4. Trophy hunting. This remains a real and present danger to wild lion populations. Progress is being made via import bans of lion trophies to the USA and the EU, but apart from Kenya and Botswana, few African countries seem to desire their own lion hunting bans. Yet this source of mortality would seem the simplest to prevent – after all, shooting lions for trophies is only to satisfy the ego of the hunter and the pockets of the operators. Hunting has not been shown to prove any conservation benefit to lions. Hunter advocates, including major conservation organizations, have attempted to argue that trophy hunting benefits lions by making more territory available to them in terms of hunting concession lands. They have attempted to “prove” this for decades, yet still lions continue to decline in every hunting concession. Cecil was not the only lion needing to be enticed out of a protected area via baits…
So where does this lead us?
Conservation of African wildlife cannot focus on “one size fits all” formulas that seem the current vogue. While lions are beginning to be involved in the illegal wildlife trade in terms of cub smuggling to satisfy both the Middle Eastern pet trade and the demands of the captive lion breeding in South Africa, and to provide bones for the Asian Medicine trade promoted by South African lion breeders, this is a recent phenomenon. Conferences and summits on the illegal wildlife trade (ivory top of the agenda) have called for funding for better law enforcement, demand reduction, and alternative sustainable employment for communities (the last has been widely ignored). Such conferences have NOT focused on issues like habitat destruction via cattle invasions and the massive charcoal trade or funding for better land use planning as wildlife conservation measures.

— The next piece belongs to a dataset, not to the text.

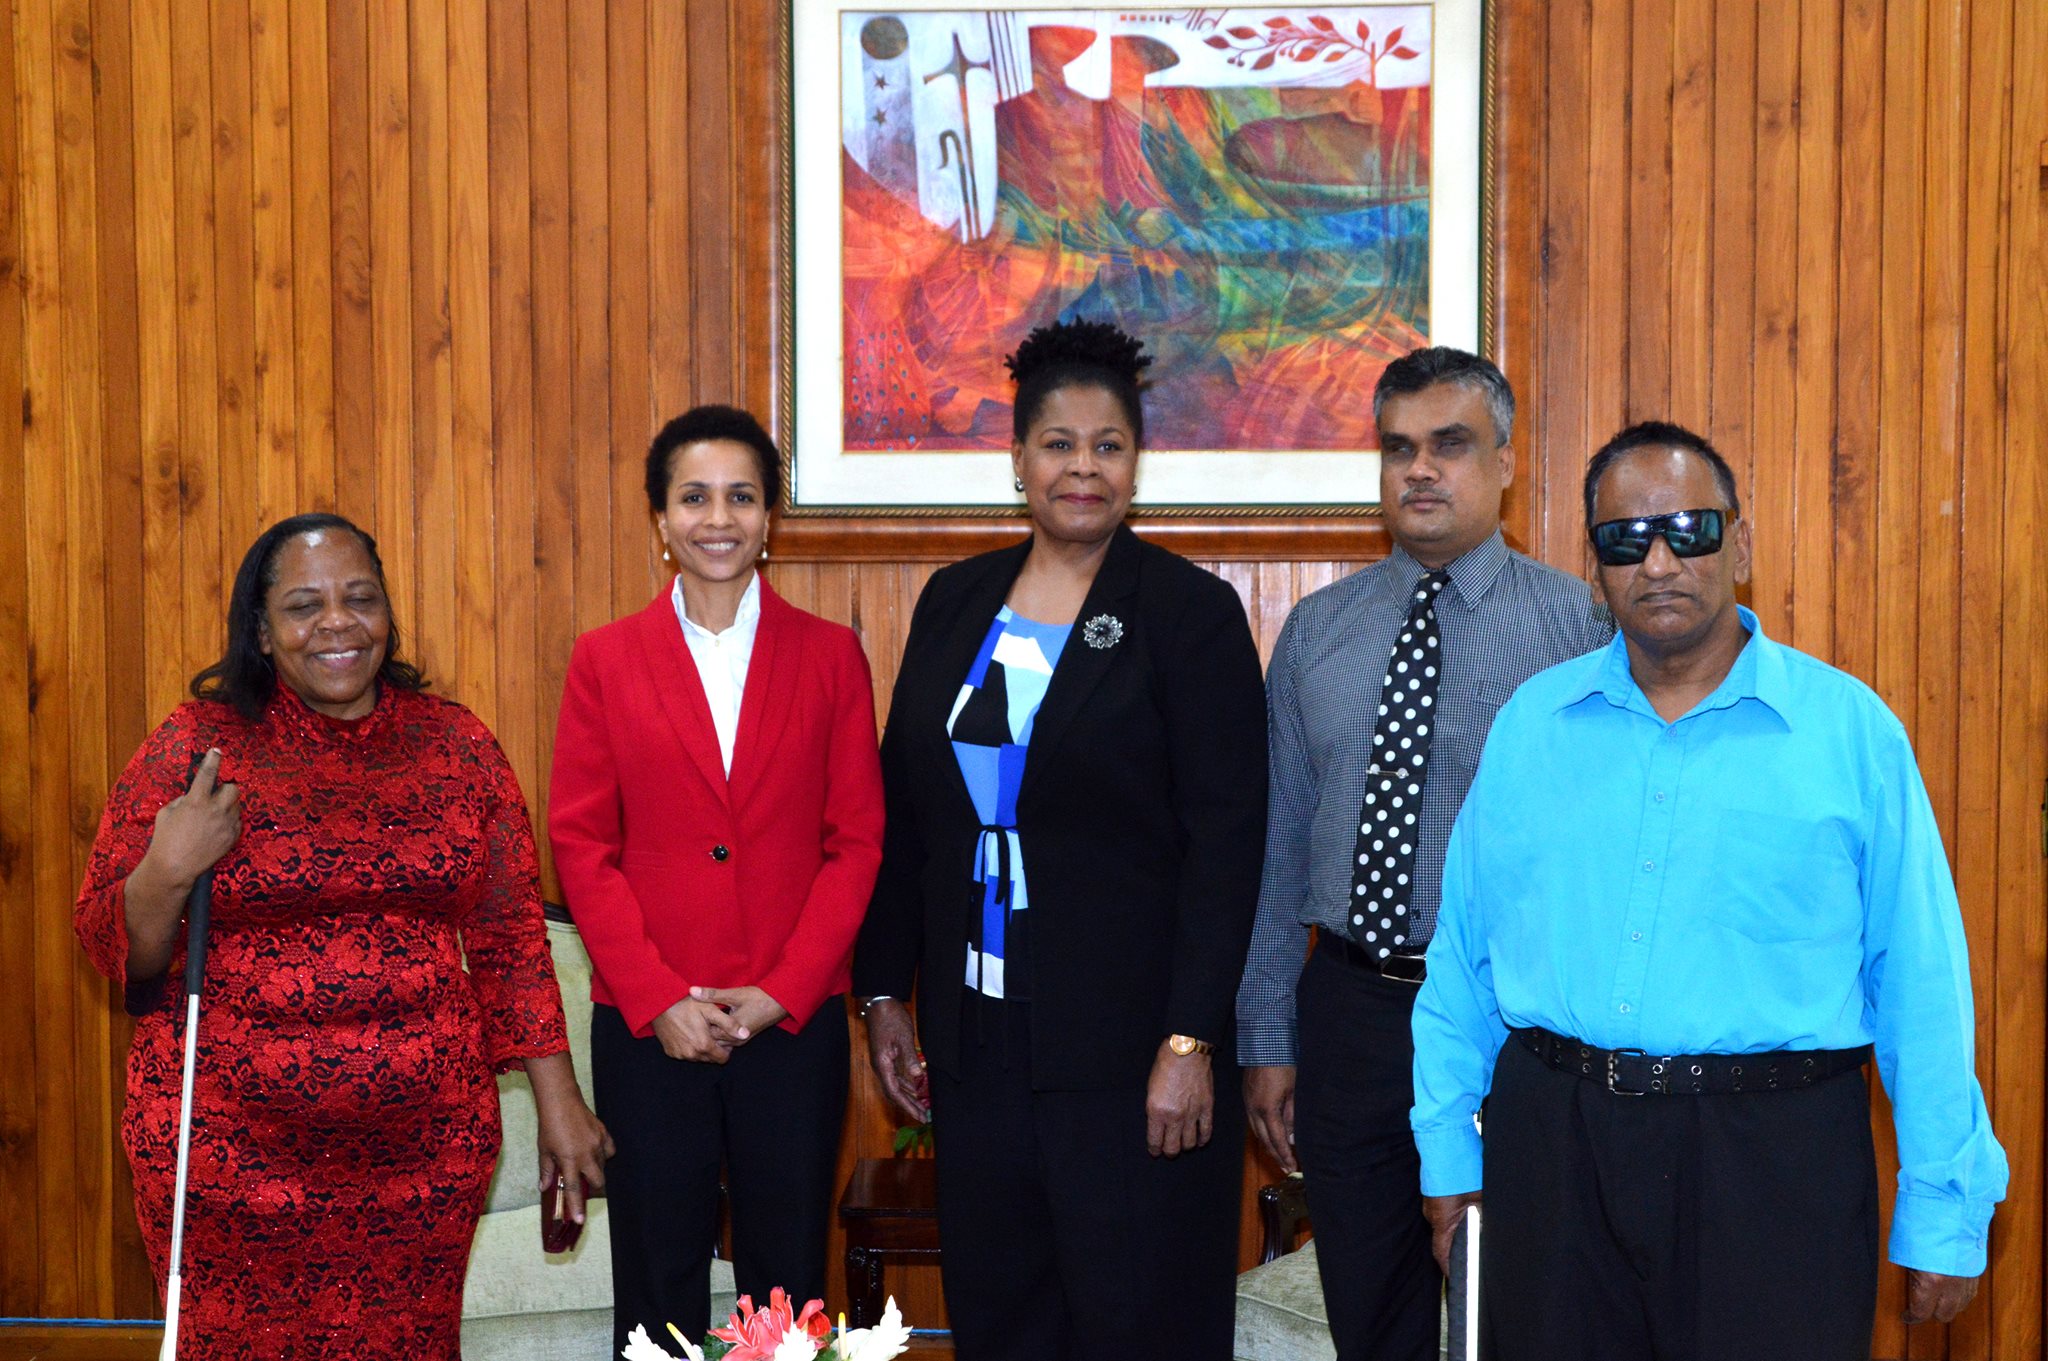 Courtesy Call: Representatives of Organisations for the Blind and Visually Impaired

If wild lion conservation is to succeed in Africa, specific needs for the species have to be addressed. These should initially include ensuring safe areas for lions in cattle-free nationally protected areas, reducing the illegal bushmeat trade pervasive across African protected areas and preventing massive habitat destruction via the illegal charcoal trade at least.
Comprehensive wildlife conservation should be comprehensive and not just focused on putting out a fire here and there. It will require African government will, lots of money and overall a much better understanding of the real threats.